Tuesday, March 25, 2008

Why do test antipatterns emerge?

In the previous post I presented an example of what I call the Soap Opera Test Antipattern, and some possible side-effects like having test code implicitly coupled to the application code. Reasons for this post arose from a discussion which is still going on in the Bologna XP mailing list, and reinforced by this post by Jason Gorman. Of course, every methodology works perfectly well …in theory. But practice with testing systems leaves us with a bunch of challenging issues when applied (more or less blindly) to real world situations.

So why do we end up having Soap Operas test in our code? I think one reason is rooted in the heart of the TDD mantra "Red, Green, Refactor". Here's why:

  1. Red. You want to add a new requirement, you do so by adding the corresponding test. You're done when you added the test, and running it results in a red bar.
  2. Green. You get to the green bar as quick as possible. Hacks are allowed, to get to green because being far from the green makes you dive too deep and you have no idea about what it takes to get back to green. You're done when you have the green bar again in your xUnit test suite.
  3. Refactor. This is a green-to-green transition that allows you to clean up the code, remove duplications, and make the code look better than in step 2.

Step 3 looks a little weaker than the others for a few reasons

  • It's the third step. If you're time-boxed, this is where you're gonna cut, by telling "done" to your boss, even if you feel that something's still missing.
  • The termination condition is less defined, compared to step 1 and 2; "green" is a lot less disputable than "clean". To declare step 3 over you have to satisfy your "personal definition of code beauty", assumed you have one. Moreover, refactoring goals are often personal: TDD book suggests to write them on a paper and keep it for the day. This means that you refactoring goals are not shared with the team. This is not a mandatory approach, for example I am the kind of guy that normally starts polluting the bug tracking system with refactoring suggestions. But I also know that very few of them will actually make it to production code (unless I am supremely in charge of the project…). Anyway, I think that most of the time refactoring notes are something too trivial to be shared on the Bug Tracking System. But the best way to achieve that is to have them fixed before they have to become remainders.
  • It's a matter of culture. If you're doing TDD but lack some crucial OOP skill, you're in danger of writing sloppy tests. There's a lot of good OO in a framework like JUnit, and designers made it good enough that the OO part is well hidden behind the scenes. But this does not mean that developers should code like neanderthalians when it comes to coding tests.
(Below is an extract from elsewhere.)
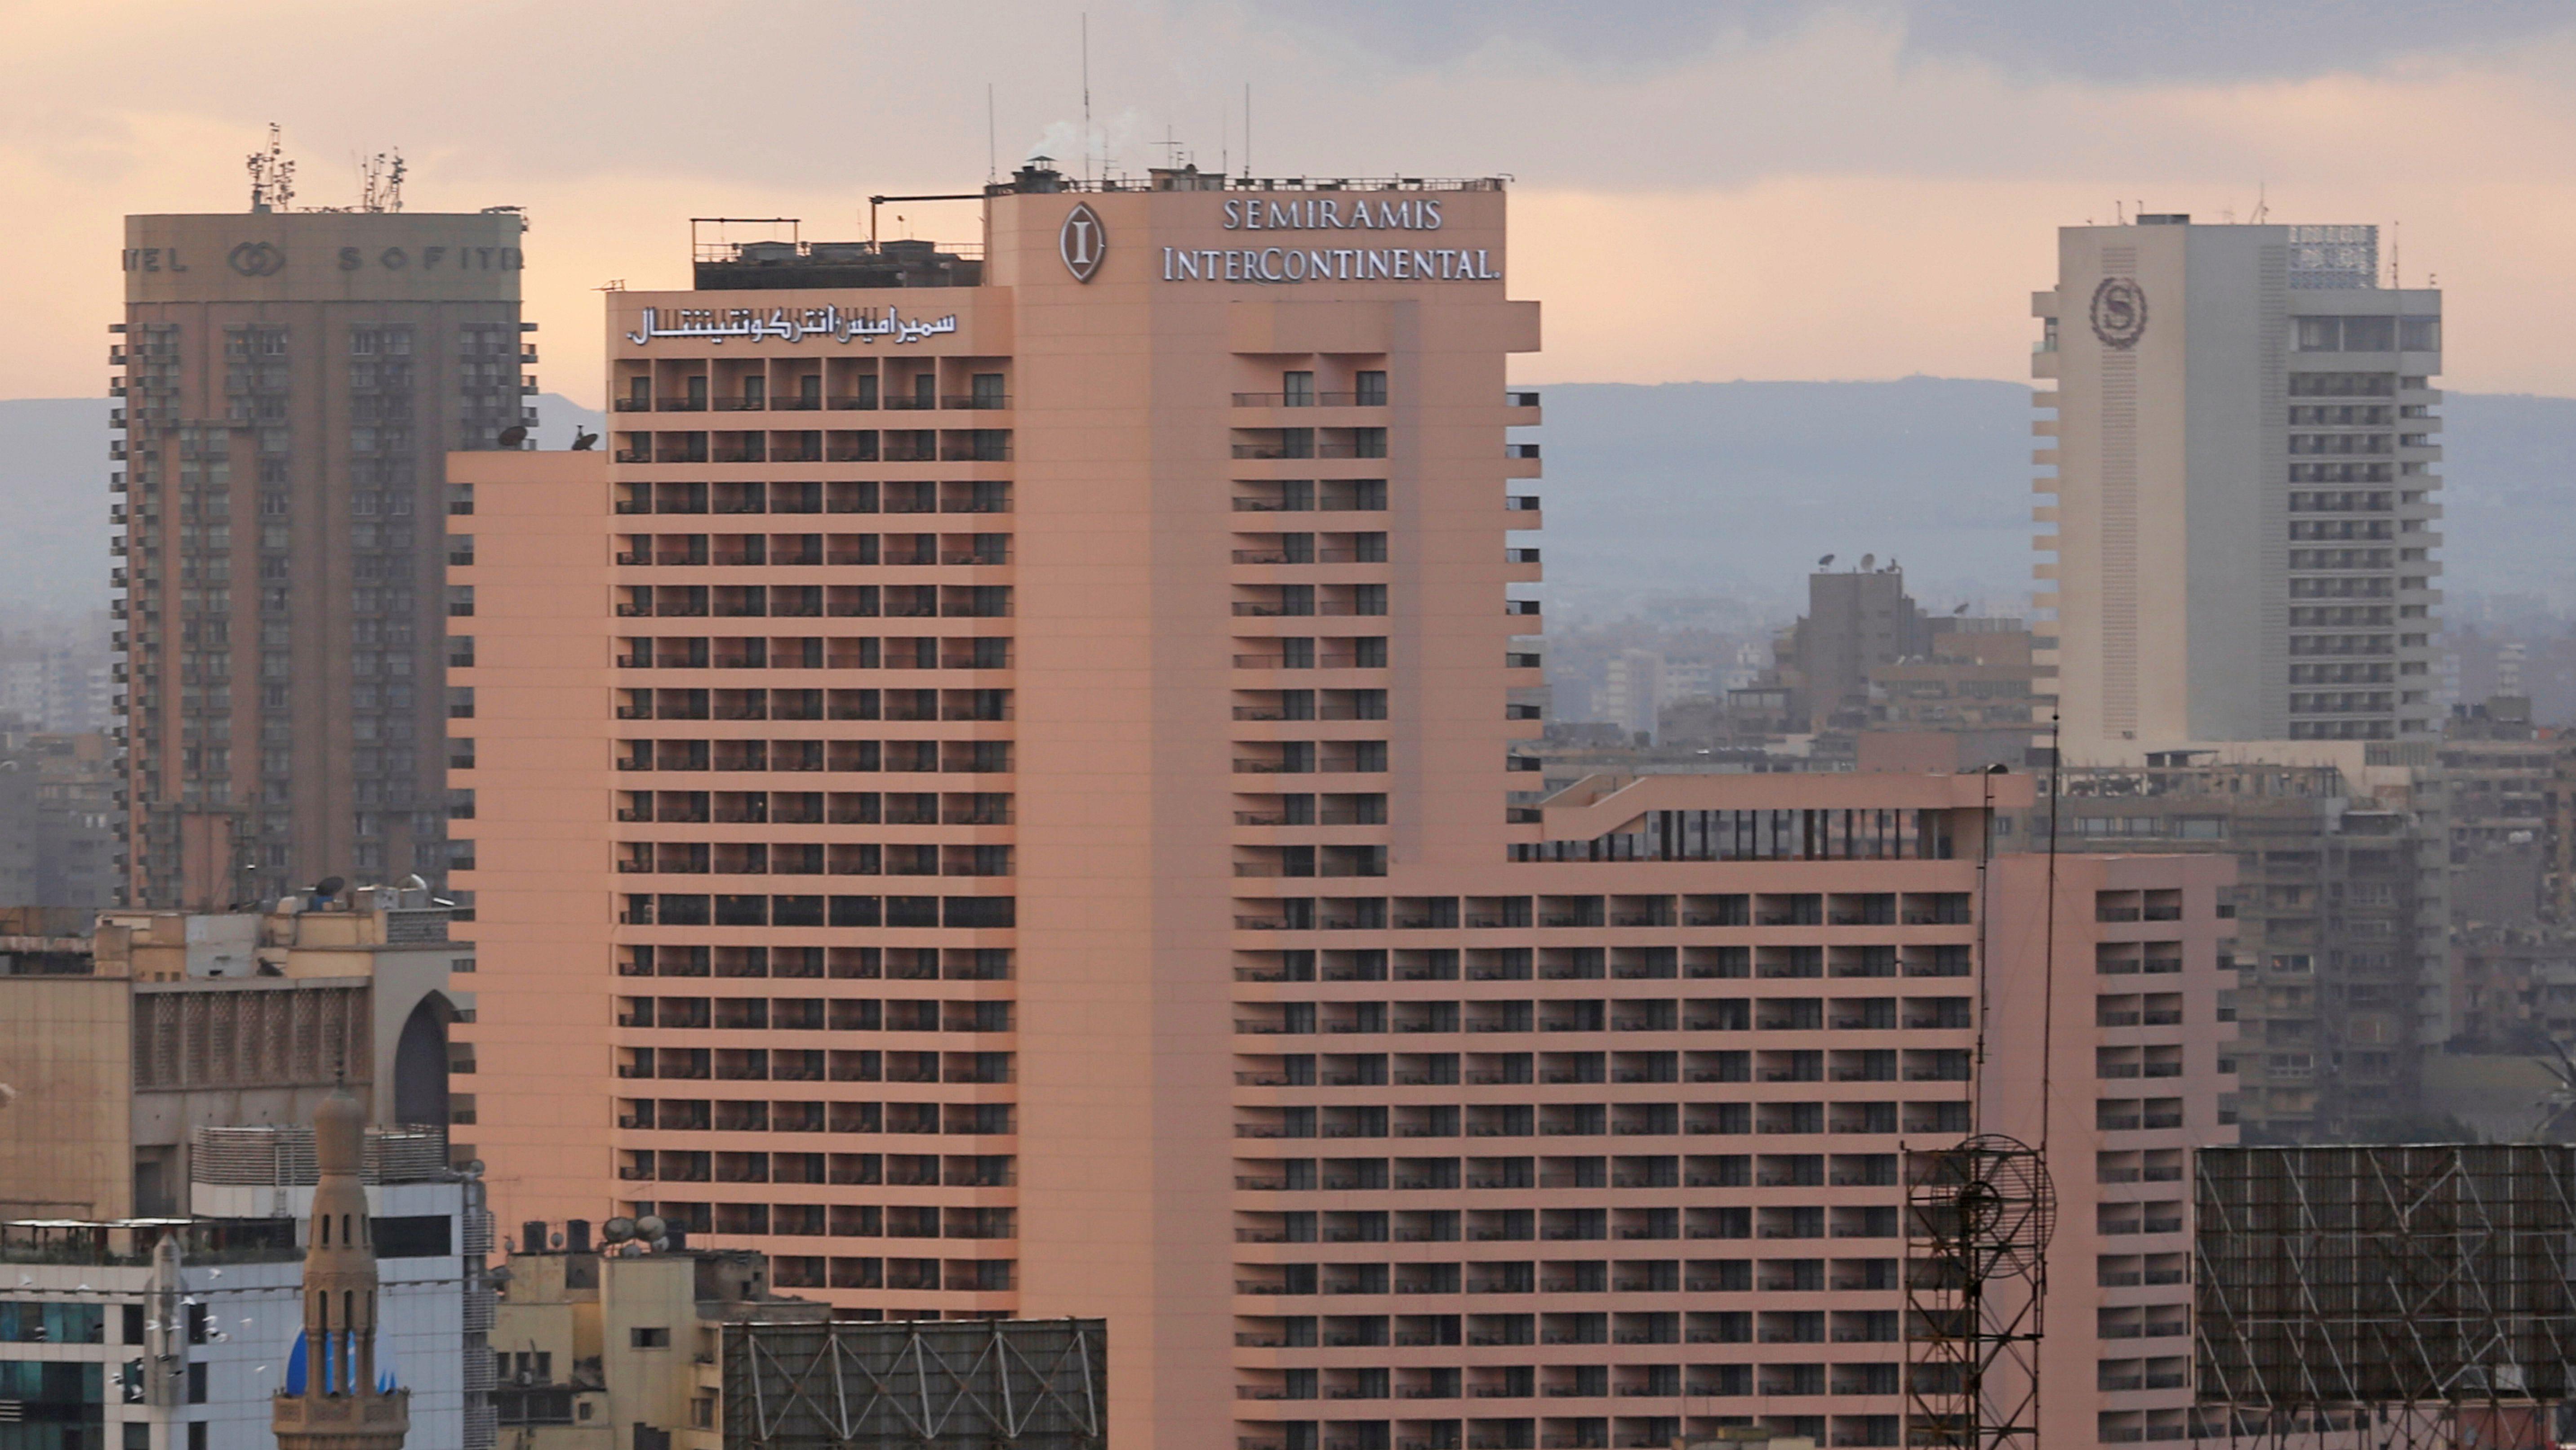 The Semiramis InterContinental Hotel, Sofitel Cairo El Gezirah hotel and Sheraton Cairo Hotel are seen in Cairo, Egypt December 5, 2016.

Putting it all together, the result is often test code which is less effective than it should be.



Friday, March 14, 2008

The soap opera test antipattern

If you are coming from a romantic programmer attitude, or simply didn't care about testing your code, then every single line of tests code is valuable and adds some stability to your system.
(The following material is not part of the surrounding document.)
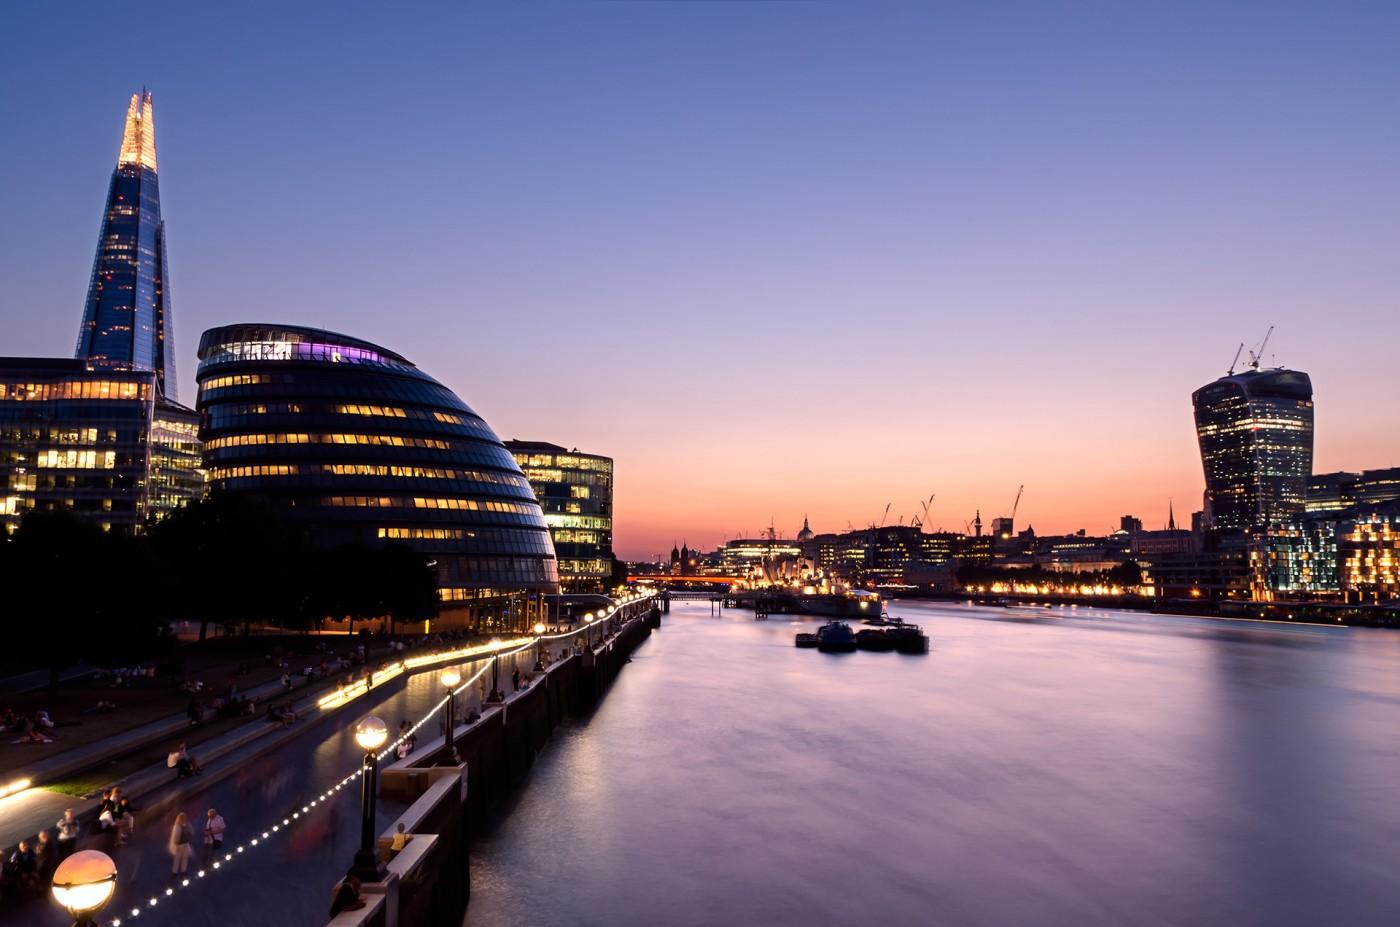 Night at the Thames

After a while, anyway, the testing code mass could increase significantly and become problematic if not correctly managed. I've pointed you to the Coplien vs Martin video in my previous post. Now I won't claim that I've found the solution of the issue, but some thoughts on the topic might be worth sharing.

Starting to test

When embracing TDD or test first, or – less ambitiously – when starting to use xUnit frameworks for testing, you simply have to start from somewhere. You choose the target class or component, define the test goal and code your test using assertions to check the result. If the light is green then the code is fine, if it's red… well, you have a problem. You solve the problem, refactor the solution to make it better, in a green-to-green transition, then move to the next feature, or the next test (which will be the same thing, if you are a TDD purist).

Every test adds stability and confidence to your code base, so it should be a good thing. Unfortunately, when the test code mass reaches a certain weight it starts making refactoring harder, because it looks like extra code to be affected in a refactoring process, making refactoring estimations more pessimistic, and the whole application less flexible.

Why does this happen? I suspect testing skills tend to be a little underestimated. JUnit examples are pretty simple, and some urban legends (like "JUnit is only for unit tests") are misleading. Testing somehow is a lot better that not testing at all. Put it all together in a large scale project and you're stuck.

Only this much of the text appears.